Let's go back to the Sound Menu, where there's one more option we haven't covered:

1--Envelope Editor, Voice 0
2--Envelope Editor, Voice 1
3--Envelope Editor, Voice 2
4--Envelope Editor, Voice 3
5--Play Voices Menu
6--Clear all voices
Your choice (1--7): ?

After editing all four voices, you might want to hear what they sound like alone or in unison. Option 5 brings up the Play Voices Menu, which offers all 15 combinations of the four voices at a single keystroke:

-- Voice Numbers --

You'll notice, however, that the sound plays very slowly when you use this option. This is because of the memory consumed by the program, BASIC, and the routine that checks which voices are played in each combination. But don't fret--the sounds are much faster (and better) when played with a shorter BASIC program, such as Program 2, Sound Player. This program simply loads and plays any sound created with the Sound Editor.

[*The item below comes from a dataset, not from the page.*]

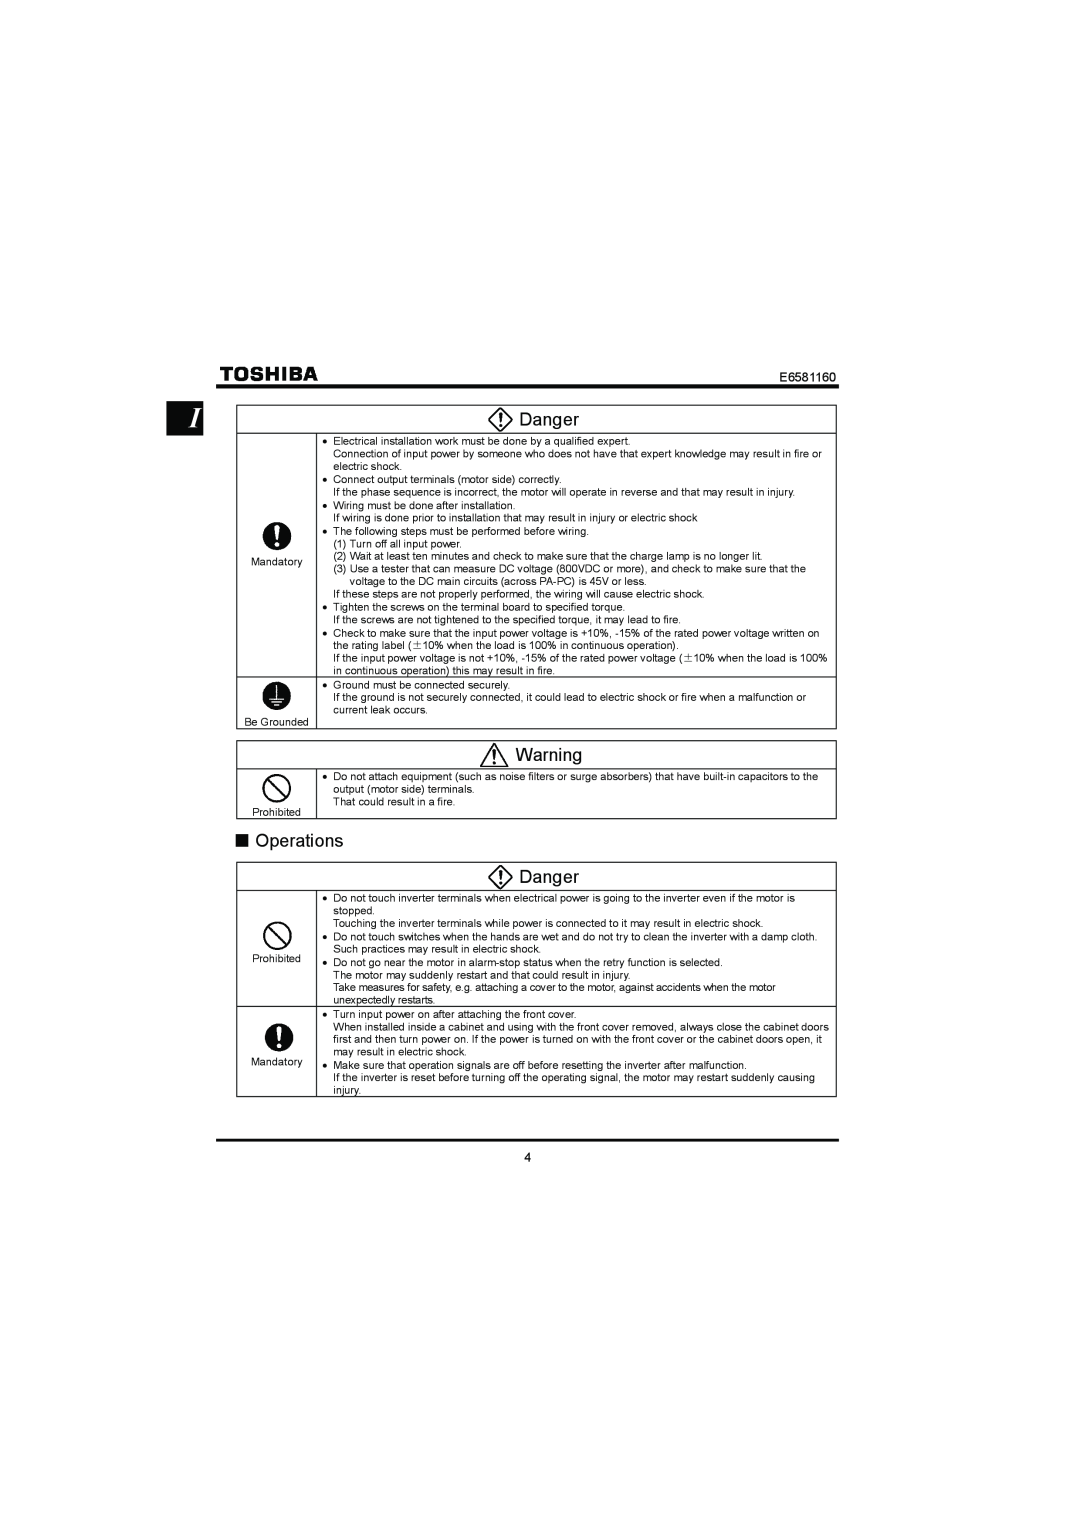 Toshiba VF-S11 manual QOperations Danger, E6581160

Program 3, Sound Program Writer, takes a sound created with the Sound Editor, compacts it, and automatically writes a BASIC program to play it. During the compacting phase, all unused bars at the ends of envelopes are chopped off. In addition, a menu asks you to choose which voices should be included, and all unused voices are omitted from the resulting program. So, for instance, if you design a sound that uses only one of the four voices, you can tell Sound Program Writer to discard the unused voices and use only the one you edited. This makes the sound play noticeably faster.

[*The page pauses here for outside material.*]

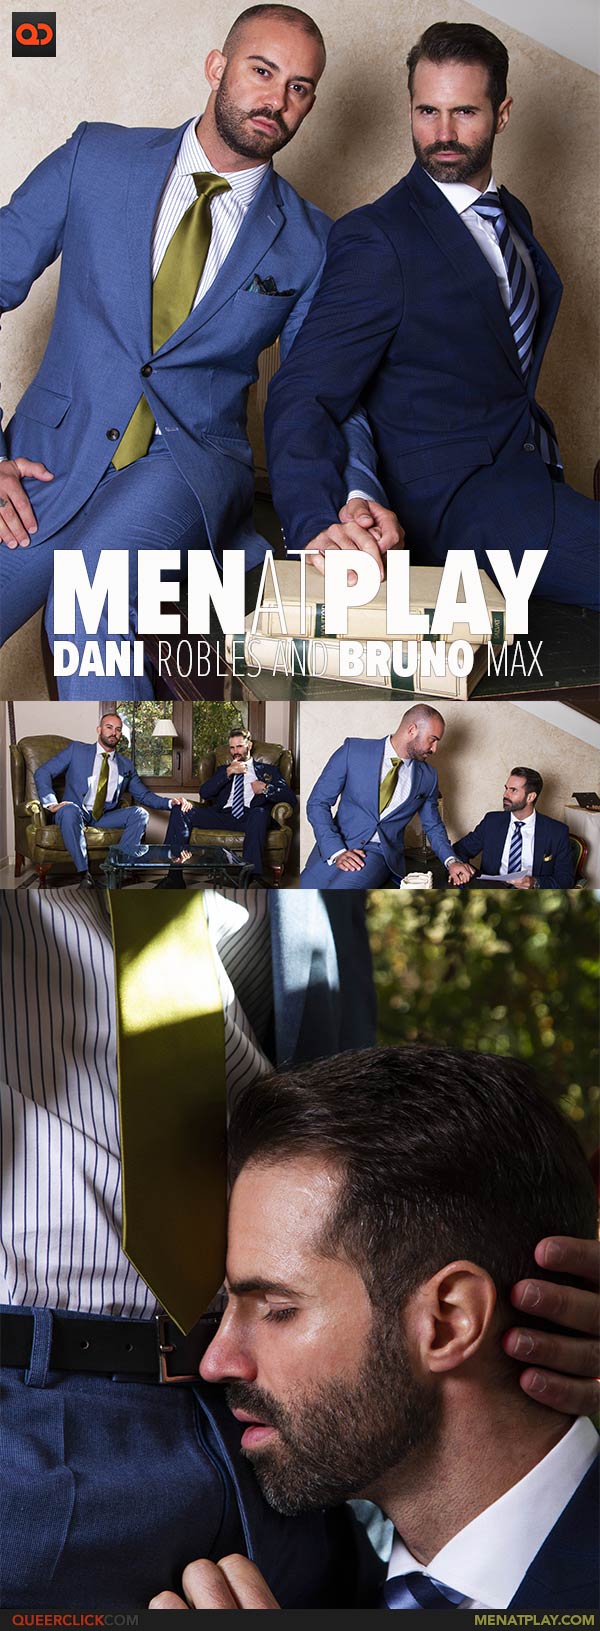 Men at Play: Dani Robles and Bruno Max

To add the sound to a BASIC program of your own, simply use the program created by Sound Program Writer as a subroutine. It's saved on disk in ASCII format and can be merged into any program with ENTER.

Disk Operations

Before you can play a sound with the Sound Player or convert it into a program with the Sound Program Writer, you have to save it on disk with the Sound Editor. To do this, select option 2 on the Main Menu (Save/Load/Del/Dir sound envelopes). This brings up the Input/ Output Menu:

1--Directory of *.SND files
2--Save envelopes file
3--Load envelopes file
4--Delete envelope file
Choice: ?

Pick option 2 to save a finished sound on disk. When you type in the filename, don't use an extender; the Sound Editor automatically appends the .SND extender to all envelope files. The same is tine when loading a file with option 3 or deleting a file with option 4.

Option 1 calls a directory of all files on the disk with the .SND extender, and option 5 returns to the Main Menu. You can also abort any save, load, or delete operation by typing X and pressing RETURN at the filename prompt.